A death row inmate was subjected to "three hours of pain" in what might be the longest execution of all time in the United States, it is claimed by human rights campaigners.
Joe Nathan James Jr, 49, was sentenced to death for killing Faith Hall in Birmingham, Alabama, in 1994, and died by lethal injection after an unusually long wait on July 28.
The execution was supposed to have taken place at 6pm but supposedly didn't go ahead until 9pm and he was pronounced dead at 9.27pm.
While officials at the William C. Holman Correctional Facility in Atmore had initially said that there was nothing unusual about the execution, it was later admitted by the Alabama Department of Corrections (ADOC) that there had been difficulty finding the intravenous line.
And an autopsy later revealed several puncture wounds and slices as James "struggled and had to be sedated".
Human rights organisation Reprieve US later claimed that an autopsy and sources from a recent report from the Atlantic had shown the lethal injection procedure had begun long before media witnesses were admitted at around 9.00pm.
“James, it appeared, had suffered a long death,” stated an article in the Atlantic which also cited experts who said that the convicted murderer may not have spoken before he died because he could have been sedated to make it easier to find a vein.
Despite the execution being due to take place at 6pm, the media was not allowed in until 8.57pm.
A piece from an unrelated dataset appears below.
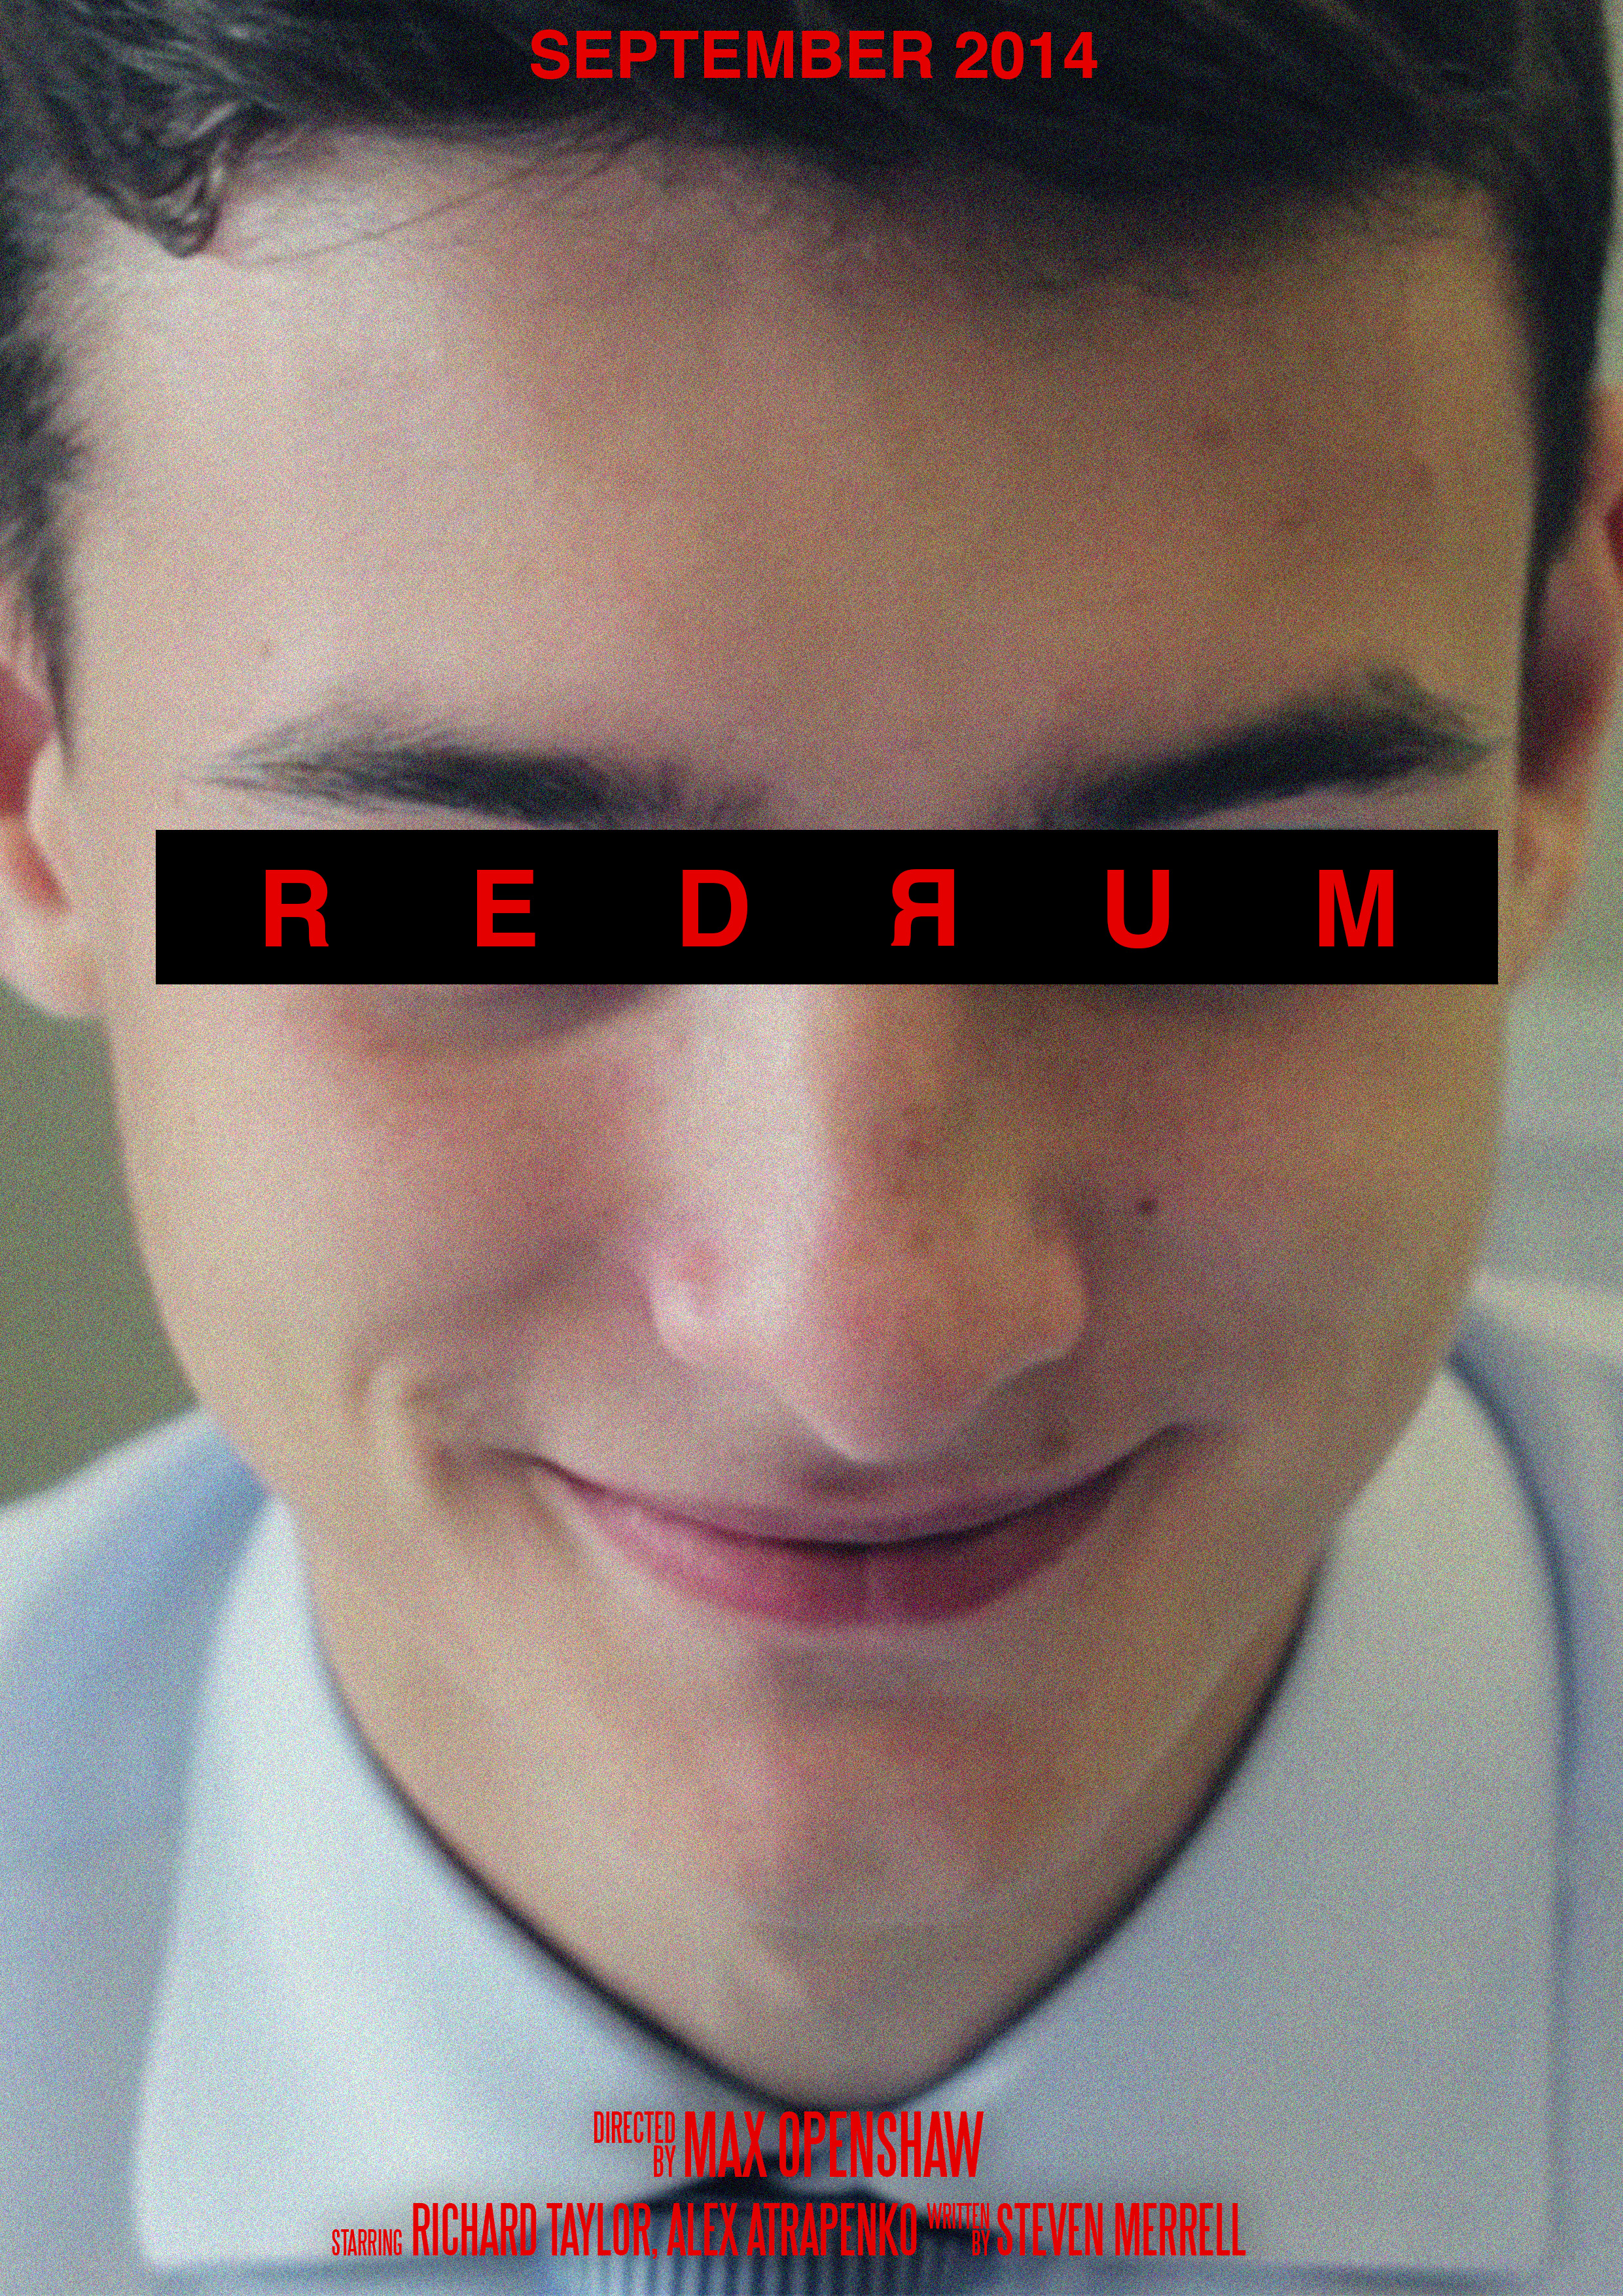 REDRUM.jpg

Then James' arm was seen to move at around 9.05pm and there were signs he was breathing until around 9.12pm and curtains were closed to witnesses at 9.18pm.
But the time of his death wasn't recorded until 9.27 pm which has led human rights organisations to claim it may have been the longest execution in US history.
Director of Reprieve US, Maya Foa said: "Subjecting a prisoner to three hours of pain and suffering is the definition of cruel and unusual punishment.
"States cannot continue to pretend that the abhorrent practice of lethal injection is in any way humane.
"This is the latest example of the extreme lengths states will go to hide the brutal reality of lethal injection because they know the public would oppose it if they found out what was really going on."
ADOC Commissioner John Hamm, though, defended the way the execution took place.
He told journalists: "[I can't] overemphasise this process. We’re carrying out the ultimate punishment, the execution of an inmate.
"And we have protocols and we’re very deliberate in our process, and making sure everything goes according to plan. So if that takes a few minutes or a few hours, that’s what we do."
James shot dead his ex-girlfriend after breaking down the door of her friend’s apartment and attacking her. He was convicted of capital murder and sentenced to death in 1996, then again following a retrial in 1999.
The execution followed 25 years of appeals to overturn by James’ lawyers with the final rejected by the US Supreme Court.